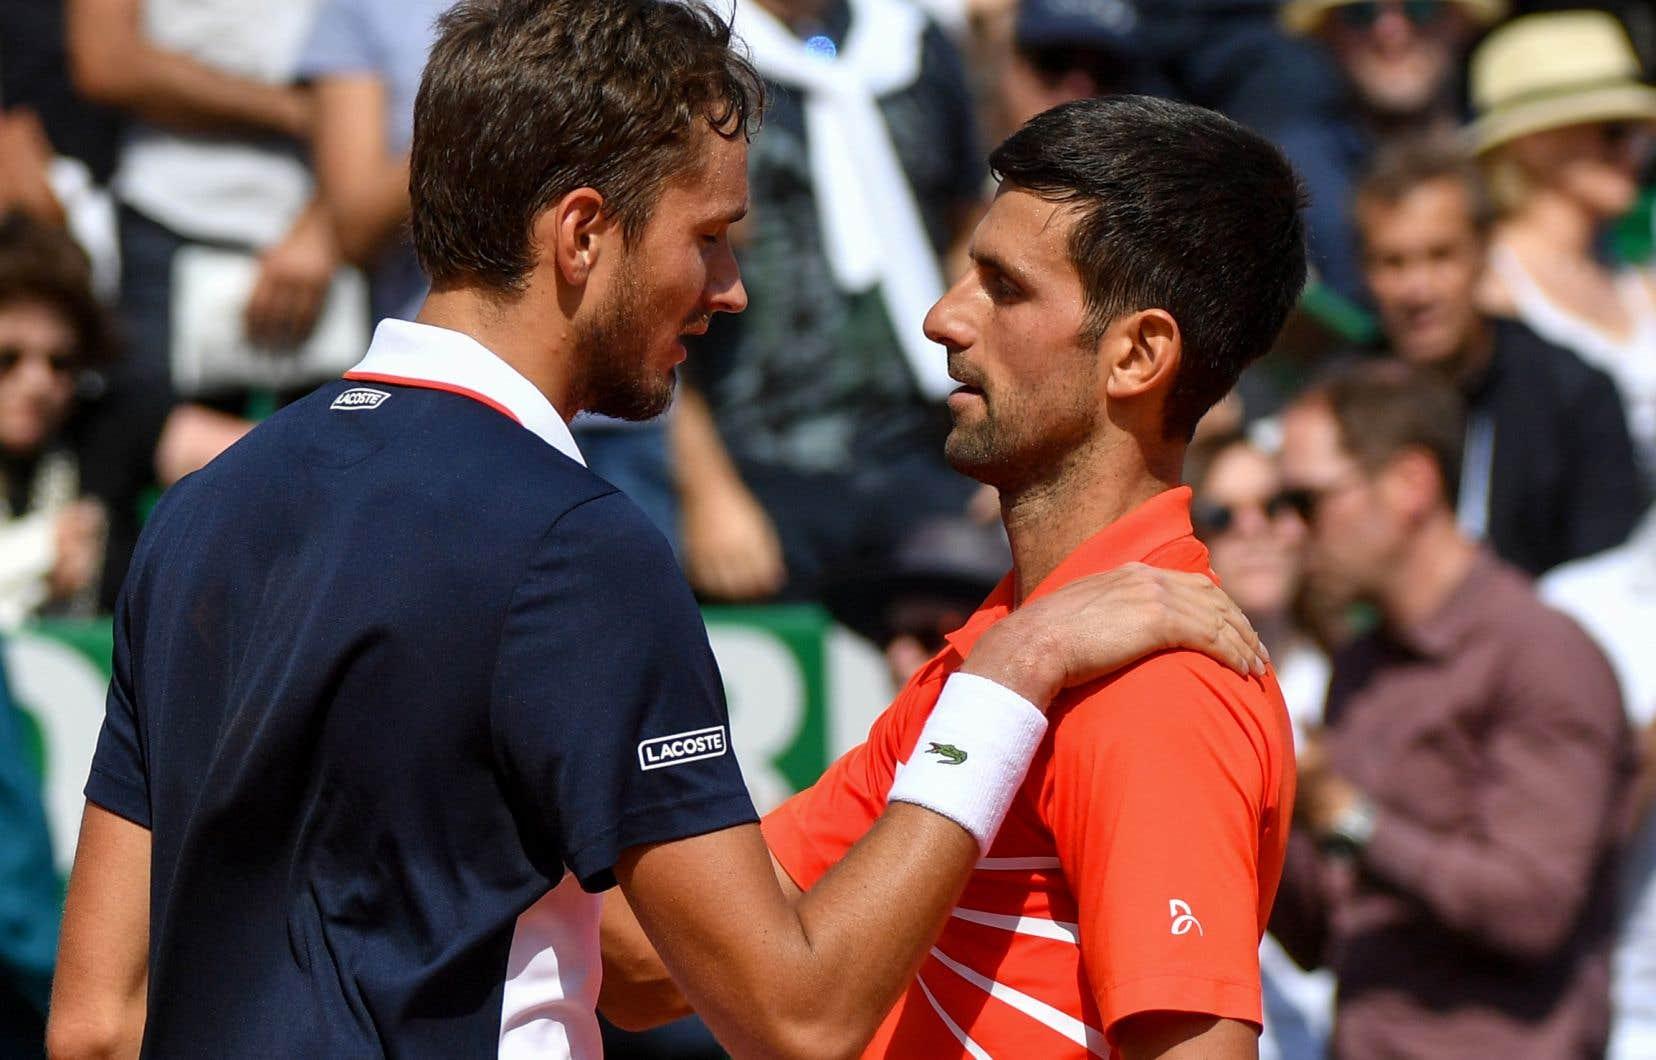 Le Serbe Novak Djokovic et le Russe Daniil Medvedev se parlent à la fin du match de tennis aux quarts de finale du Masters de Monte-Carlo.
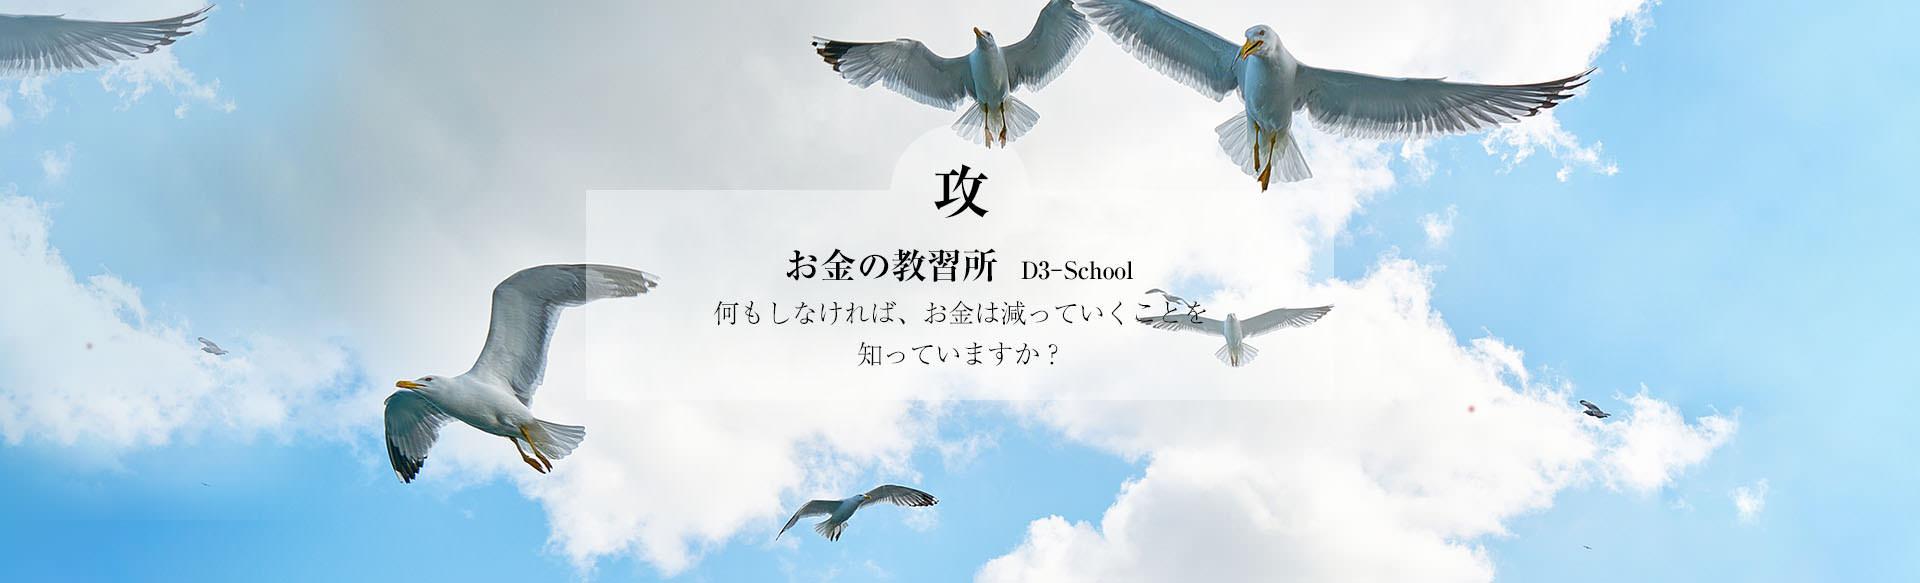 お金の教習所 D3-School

==

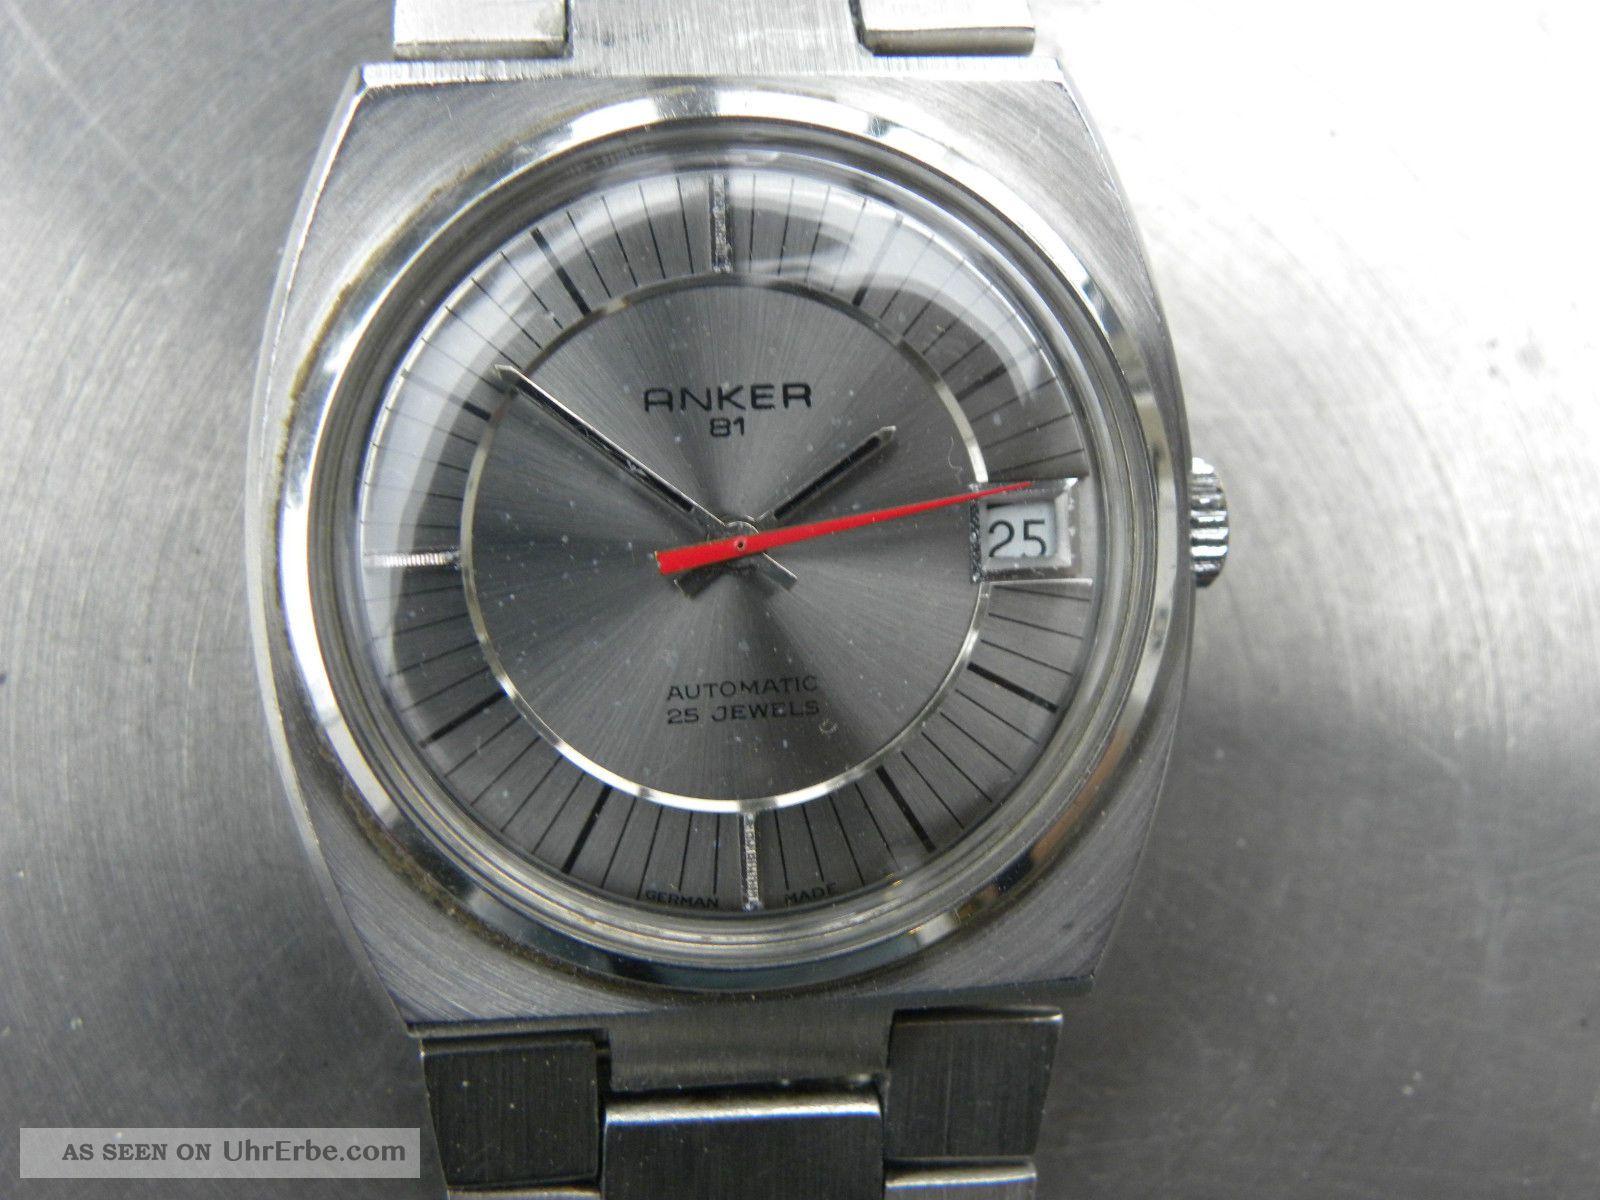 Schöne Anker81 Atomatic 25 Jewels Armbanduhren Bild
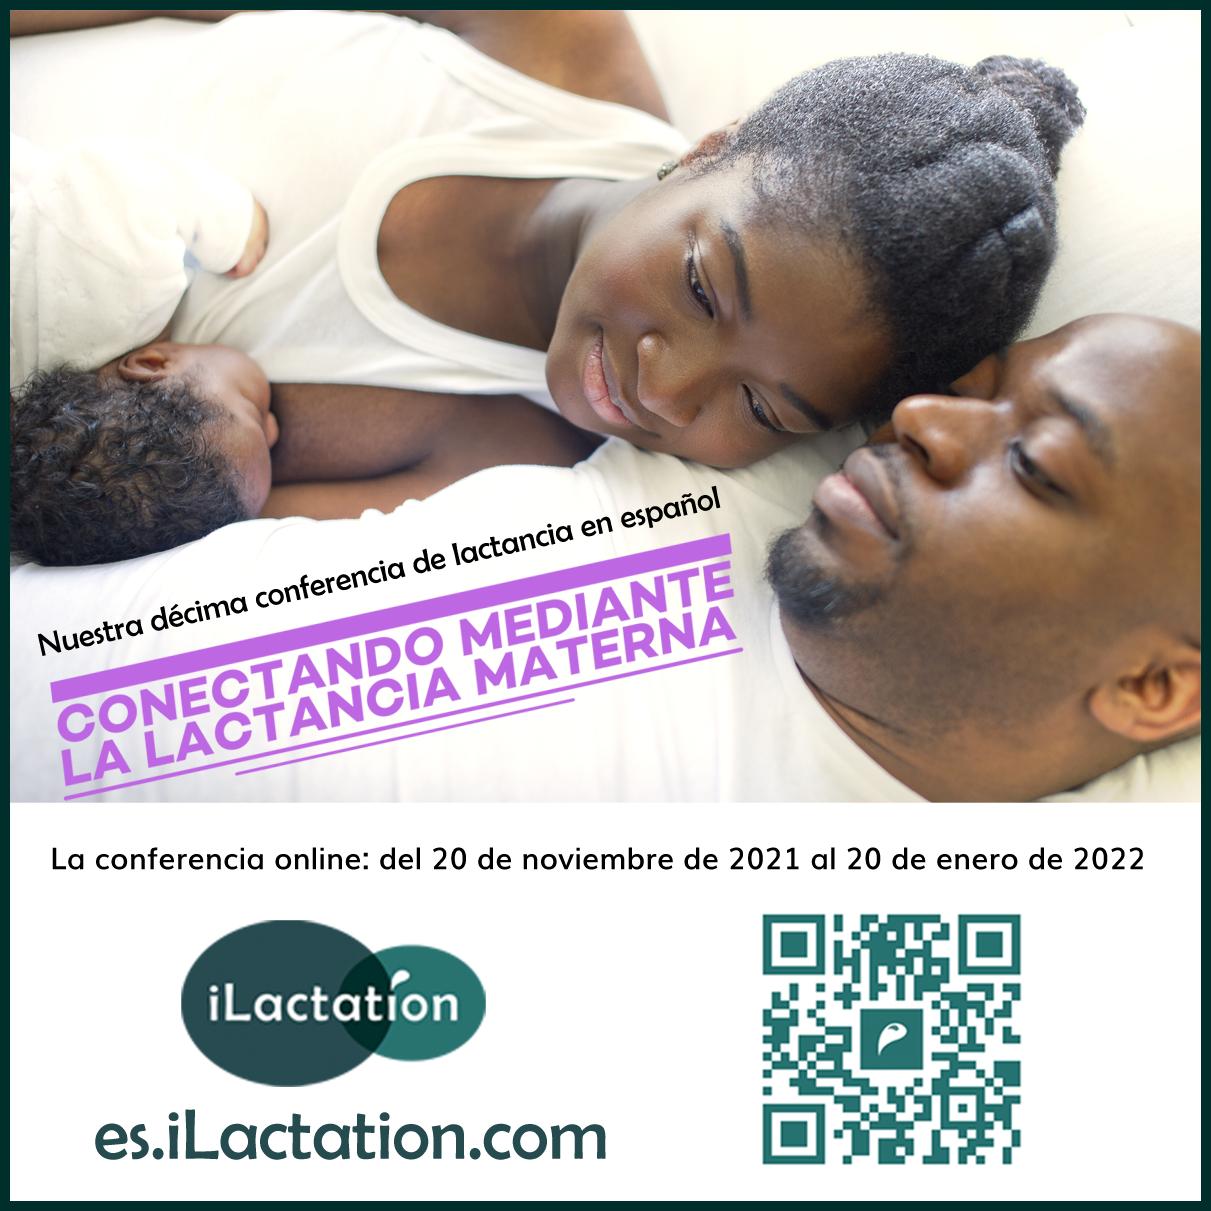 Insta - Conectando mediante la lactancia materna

---

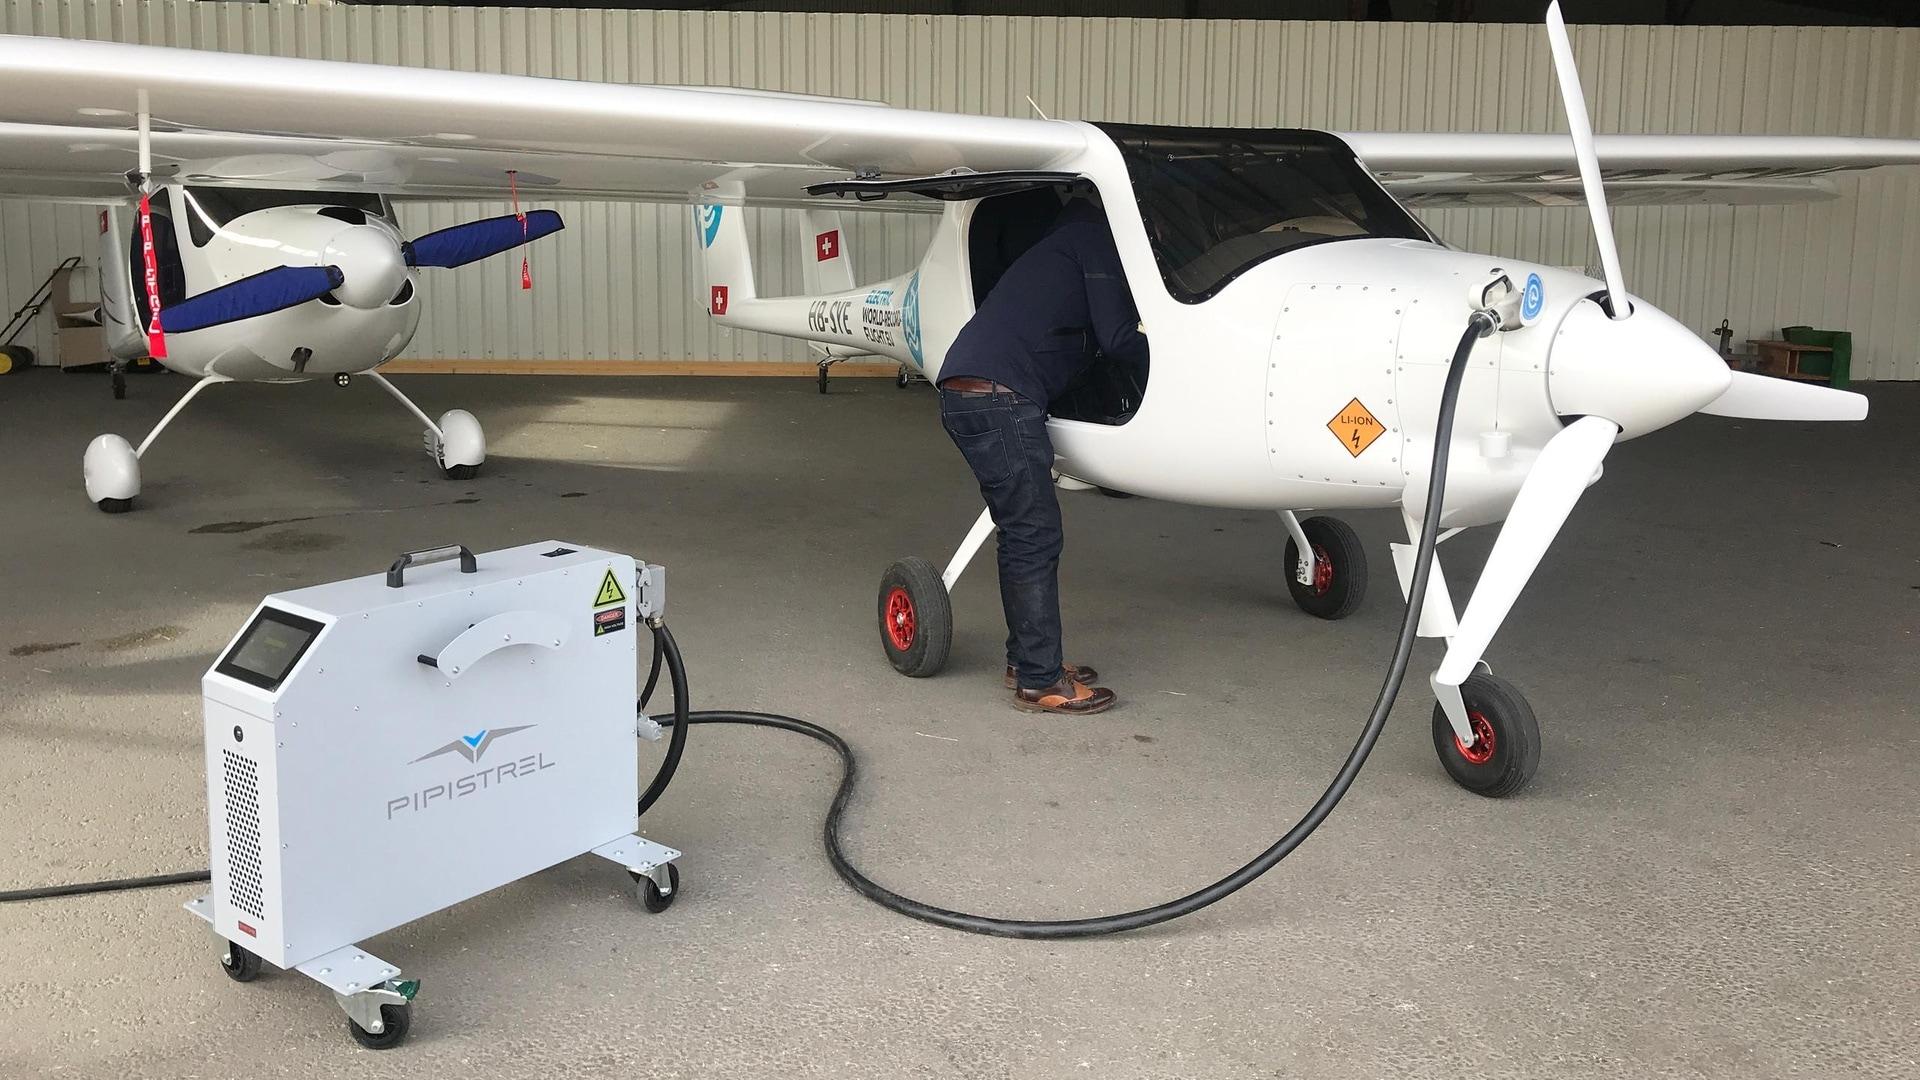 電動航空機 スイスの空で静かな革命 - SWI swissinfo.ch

EXERCISE GOAL — Go to the line above that has "Schöne Anker81 Atomatic" and copy exactly from there down to the line that has "Insta - Conectando", both included. Leave the pictures out.

RESPONSE BELOW —
 Schöne Anker81 Atomatic 25 Jewels Armbanduhren Bild
 Insta - Conectando mediante la lactancia materna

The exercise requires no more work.